Pull-ups are used as a conditioning activity for many sports, especially those that require pulling strength, including rock climbing, gymnastics, rope climbing, rowing, and swimming. They are also used by police and military to increase muscular strength among their members.

Some organizations have allowed women to use a flexed arm hang as a substitute for a pull up in fitness tests after discovering that few female recruits could complete a pull-up. According to a 2003 study in college-age women, one third of participants were able to complete a pull-up after a twelve-week full-body strength training program.

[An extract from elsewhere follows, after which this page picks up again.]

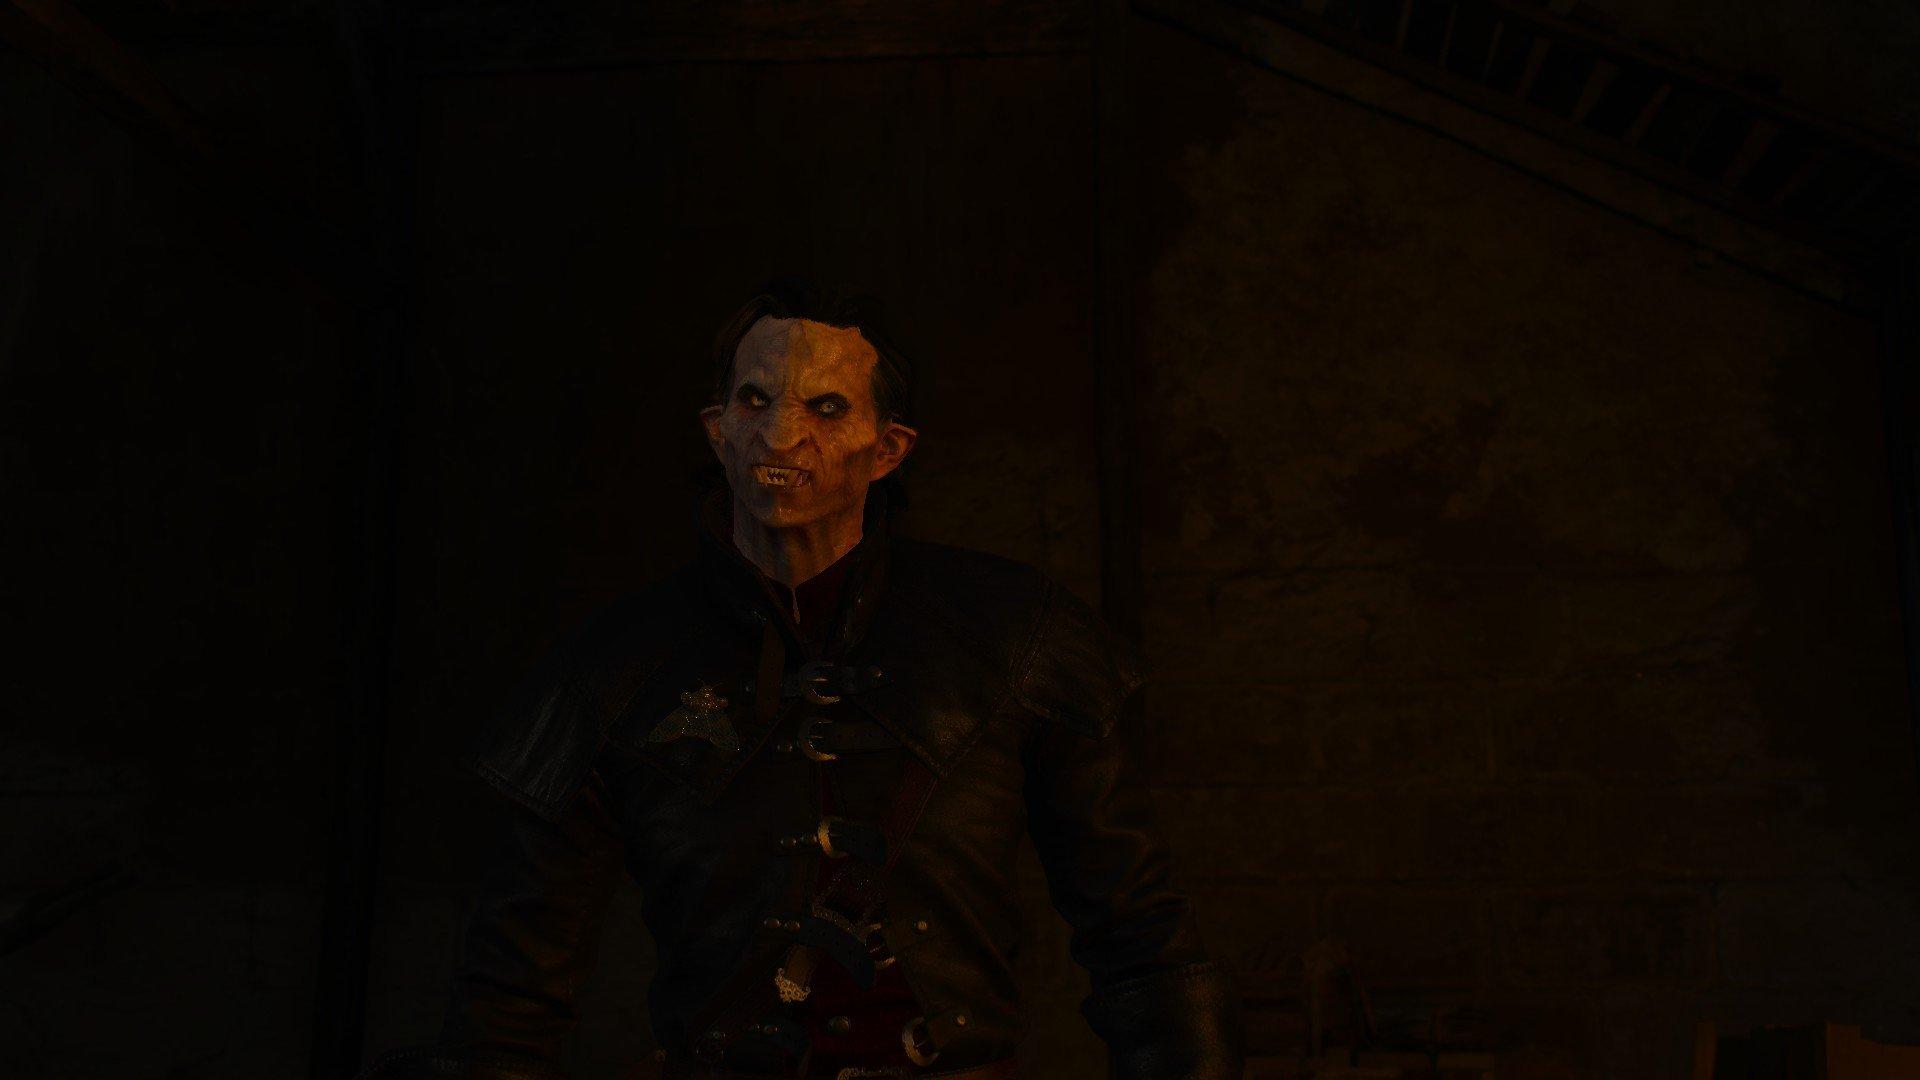 Вопль-прохождение Witcher 3: Кровь и Вино ... НАЧАЛО [ВНИМАНИЕ, ВОЗМОЖНЫ СПОЙЛЕРЫ] - Изображение 21

==Guinness World Records==
The Guinness World Record for the most consecutive pull-ups was set by Japan Coast Guard diver Kenta Adachi in 2022 with 651 pull-ups, taking 87 minutes. In 2024 he improved his record to 1224 pull-ups. The rule was that one pull-up has to be done every 15 seconds. The world record for pull-ups with no breaks is 88, held by Joonas Mäkipelto. The heaviest weighted pull up is 146.64 kg and was achieved by Liu Weiqiang from China in Zhangjiakou, Hebei, China, on 1 February 2025. The Guinness World Record for longest dead hang on a pull-up bar by a woman over age 80 was surpassed by over a minute in 2026 when Bonnie Sumner hung for more than 3 minutes. The Guinness World Record for the most pull ups in 24 hours (male) was set by Enrique Zapata from Mexico in 2026 with 12,345 pull ups. The Guinness World Record for the most pull ups in 24 hours (female) was set by Olivia Vinson from Australia in 2025 with 7,079 pull ups.